Source material =>
--- START ---
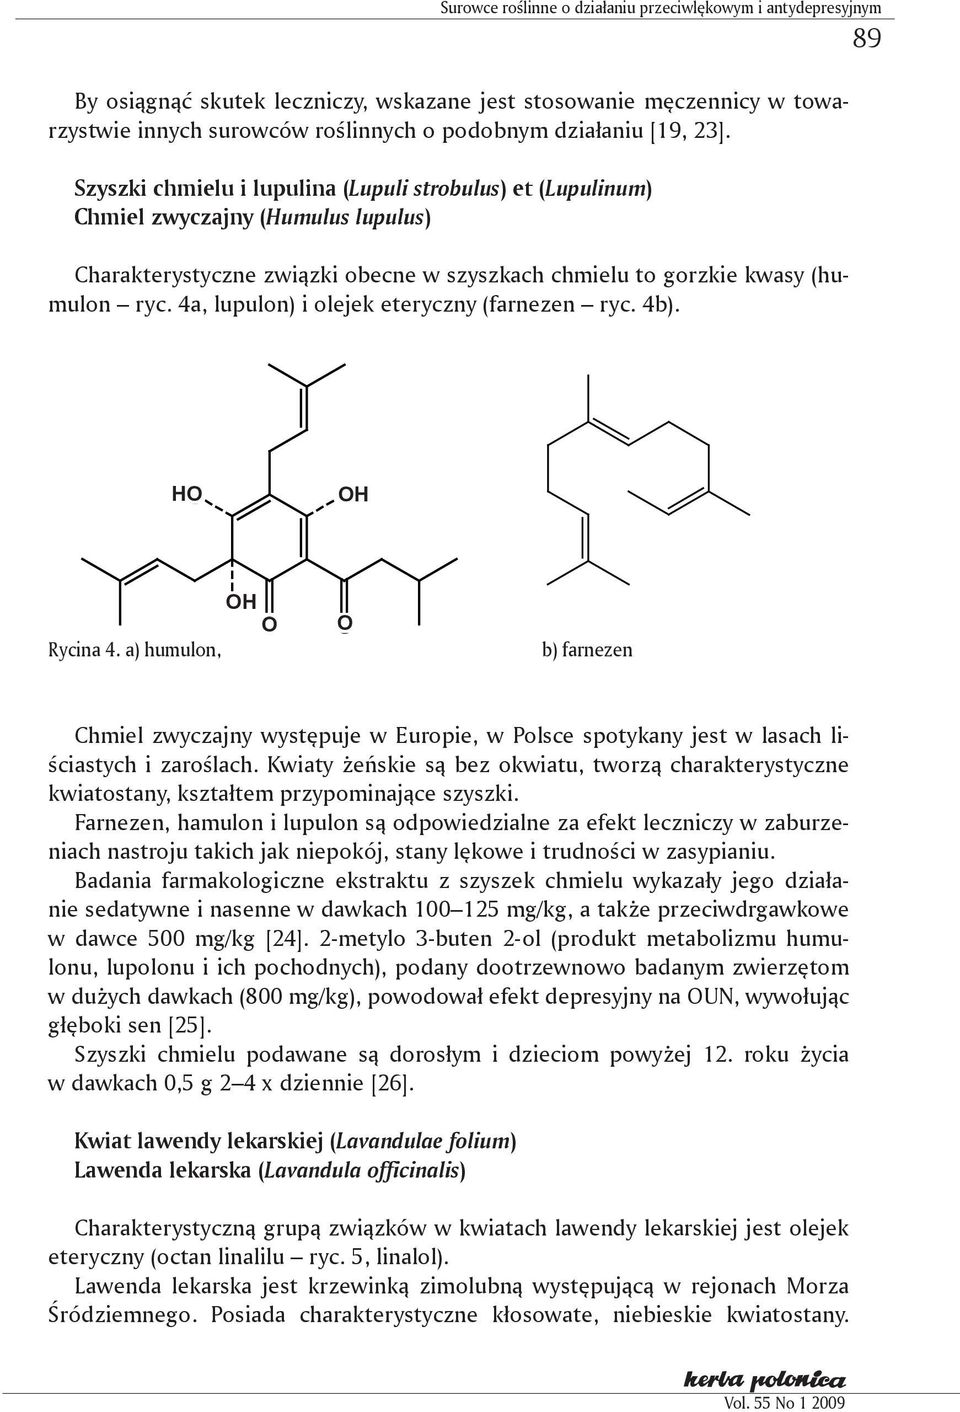 4a, lupulon) i olejek eteryczny (farnezen ryc. 4b). 89 H H H Rycina 4. a) humulon, b) farnezen Chmiel zwyczajny występuje w Europie, w Polsce spotykany jest w lasach liściastych i zaroślach.
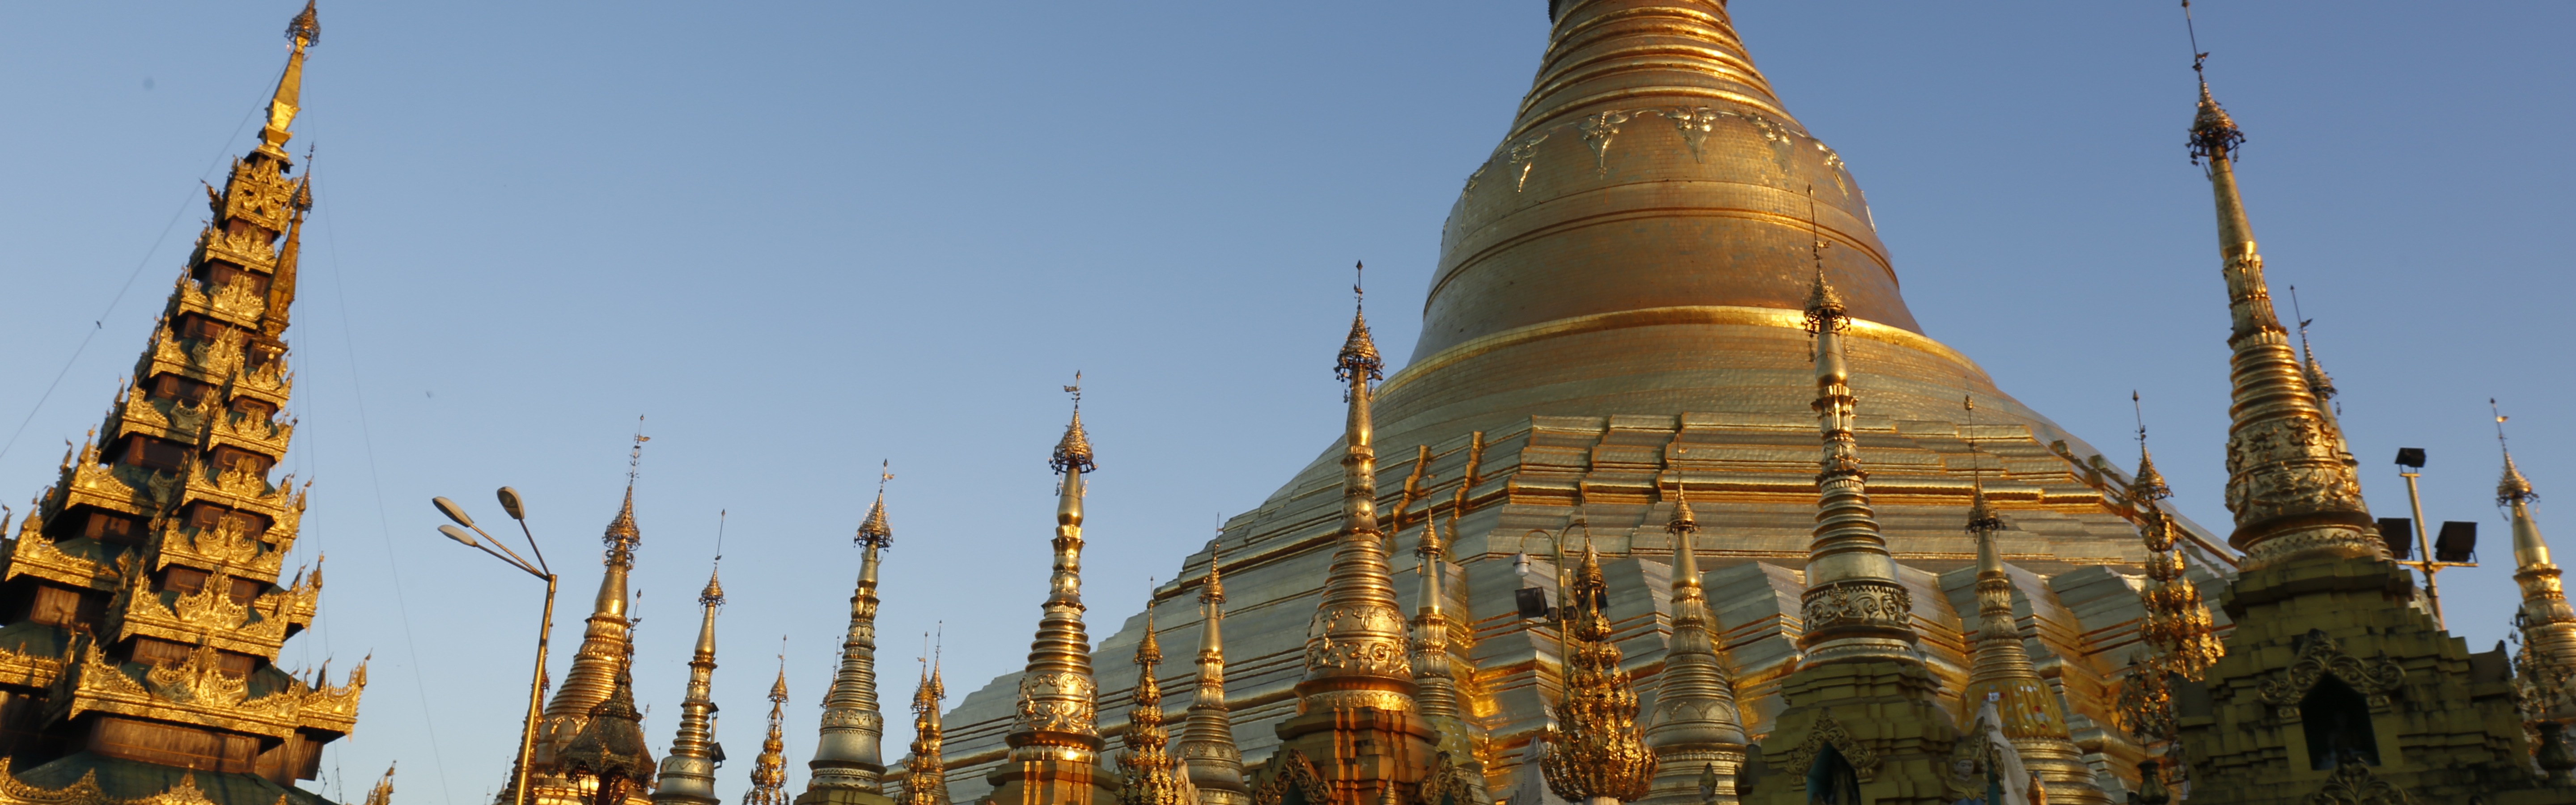 Burma's Lost Royals
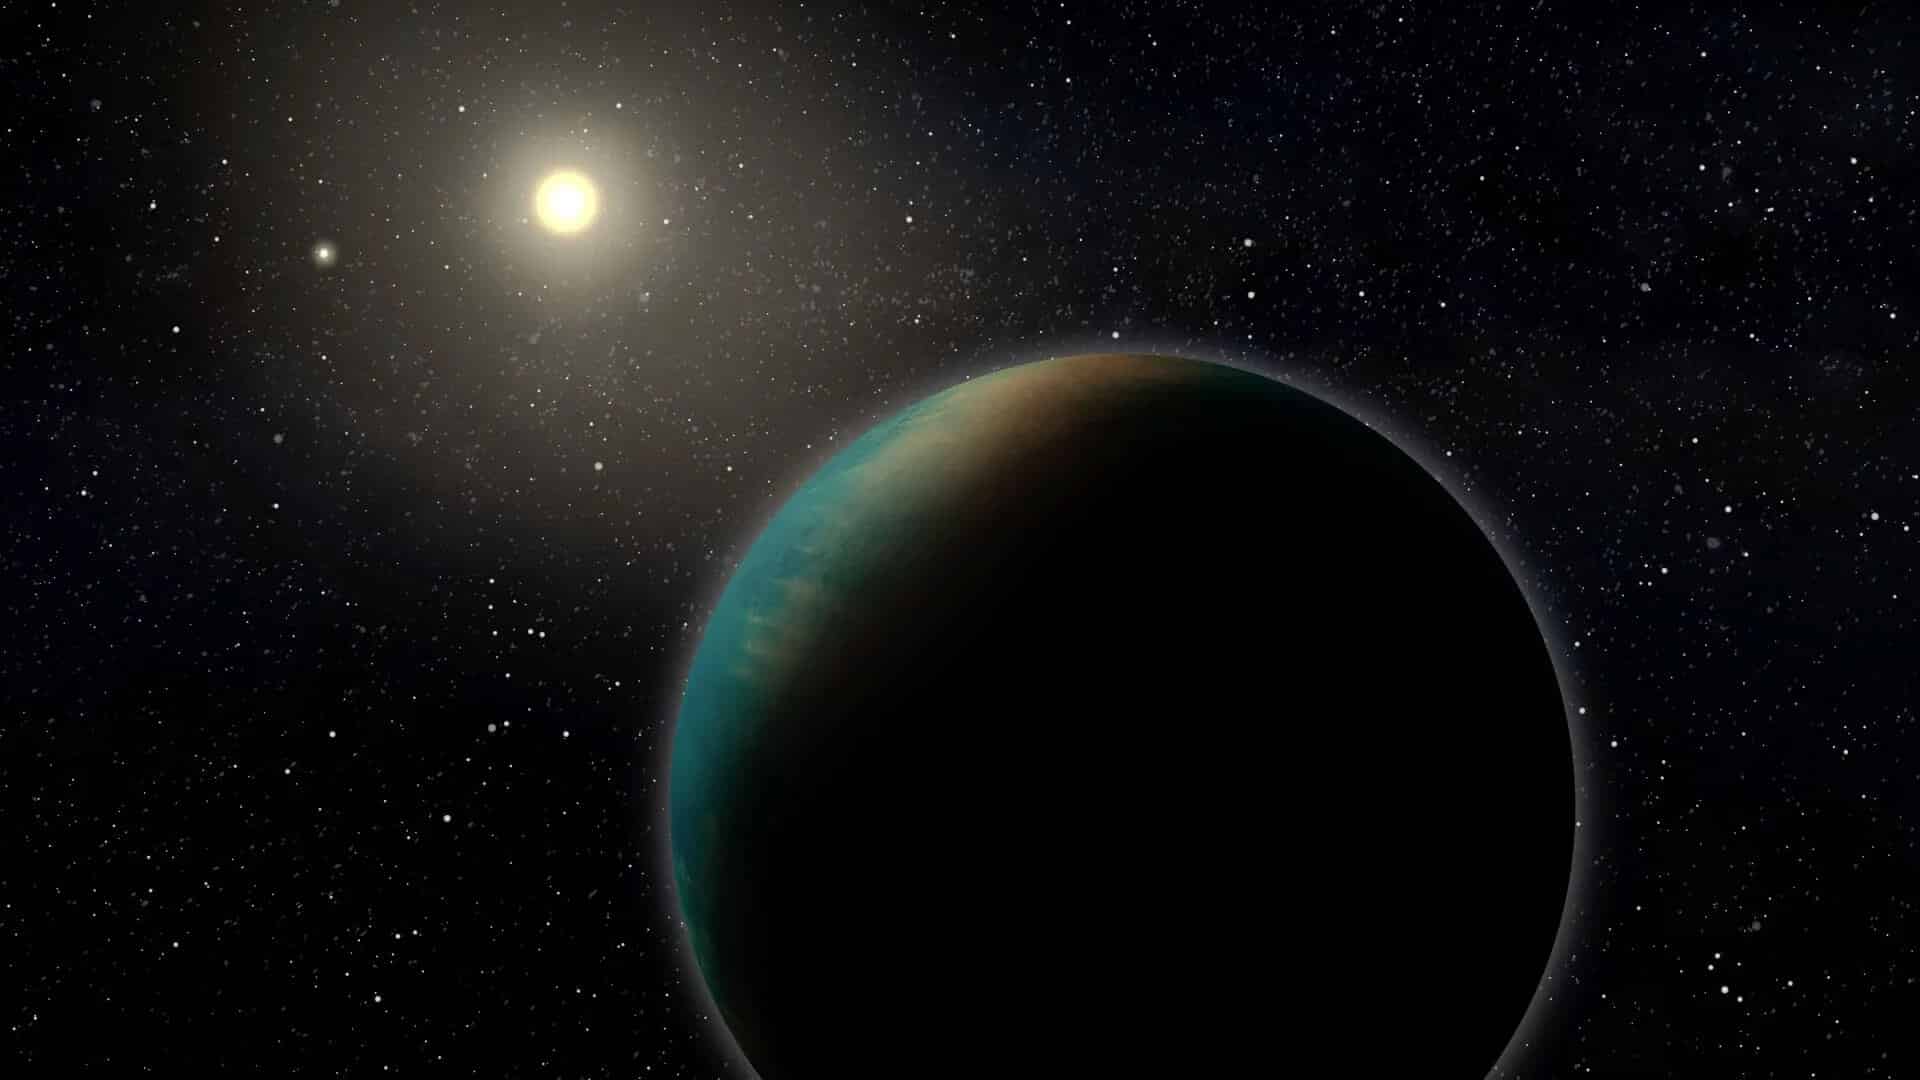 עיבוד אמנותי של האקסו-פלנטה TOI-1452 b, כוכב לכת קטן שעשוי להיות מכוסה כולו באוקיינוס עמוק. קרדיט: בנואה גוג'ון, אוניברסיטת מונטריאול
--- END ---
Requirement => Pictures are to be dropped, and the remaining data set down exactly.

Response box =>
 4a, lupulon) i olejek eteryczny (farnezen ryc. 4b). 89 H H H Rycina 4. a) humulon, b) farnezen Chmiel zwyczajny występuje w Europie, w Polsce spotykany jest w lasach liściastych i zaroślach.
 Burma's Lost Royals
 עיבוד אמנותי של האקסו-פלנטה TOI-1452 b, כוכב לכת קטן שעשוי להיות מכוסה כולו באוקיינוס עמוק. קרדיט: בנואה גוג'ון, אוניברסיטת מונטריאול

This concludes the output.